The GnipConnection is responsible for creating, retrieving, updating and deleting Publishers and Filters, and retrieving and publishing Activities and Notifications. There is also a mechanism built into the GnipConnection to get the Time from the Gnip server and to use that Time value to calculate the time offset between the calling client machine and the Gnip server. Since the Gnip server publishes activities and notifications in 1 minute wide addressable ‘buckets’, it is nice to know what the time is on the Gnip server with some degree of accuracy. No attempt is made to adjust for network latency, but we get pretty close to predicting the real Gnip time. That’s it. That little bit is realized in 25 or so methods on the GnipConnection class. Some of those methods are just different signatures of methods that do the same thing only with a more convenient set of parameters. The GnipConnection tests try to exercise every API call with several permutations of data. They are not completely comprehensive. There are a lot of permutations. But, I believe they hit every major corner case.
In testing all this, one thing I wanted to do was to run my tests and have the de-serialization of the XML validate against the XML Schema file I got from the good folks at Gnip. If I could de-serialize and then serialize a sufficiently diverse set of XML streams, while validating that those streams adhere to the XML Schema, then that was another bit of ammo for trusting that this thing works in situations beyond the test harness. In the Gnip.Client.Uti namespace there is a helper class icalled XmlHelper that contains a singleton of itself. There is a property called ValidateXml that can be reached like this XmlHelper.Instance.ValidateXml. Setting that to true will cause the XML to be validated anytime it is de-serialized, either in the tests or from the server. It is set to true in the tests. But, it doesn’t work with the stock Xsd distributed by Gnip.That Xsd does not include an element definition for each element at the top level which is required when validating against a schema. I had to create one that did. It is semantically identical to the Gnip version; it just pulls things out to the top level. You can find the custom version in the Gnip.Client/Xsd folder. By default it is compiled into the Gnip.Client.dll.

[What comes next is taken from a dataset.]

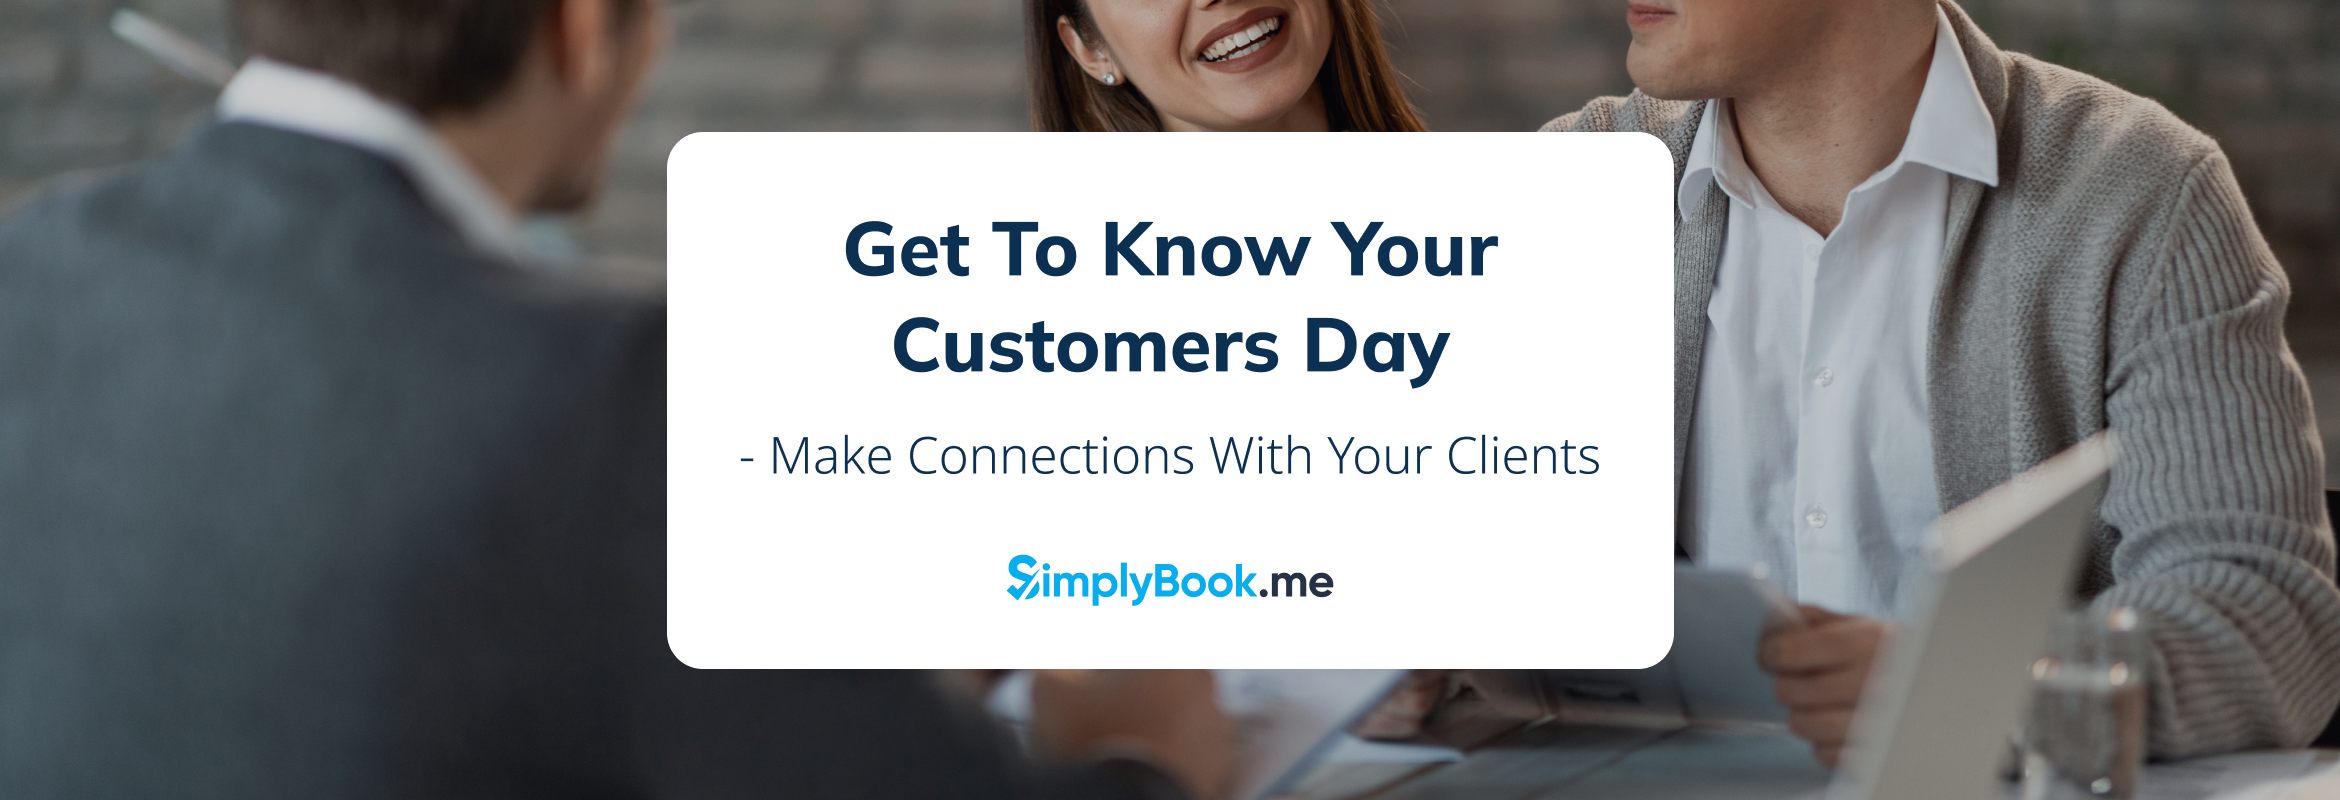 Get to know your customers day

One of the last things I did, which had nothing really to do with testing, is to create the IGnipConnection interface. Use it if you want. If you use some kind of Inversion of Control container like Unity, or like to code to interfaces, it should come in handy.
That’s all for now. Enjoy!
Rick is a Software Engineer and Technical Director at Mondo Robot in Boulder, Colorado. He has been designing and writing software professionally since 1989, and working with .NET for the last 4 years. He is a regular fixture at the Boulder .NET user’s group meetings and the is a member of Boulder Digital Arts.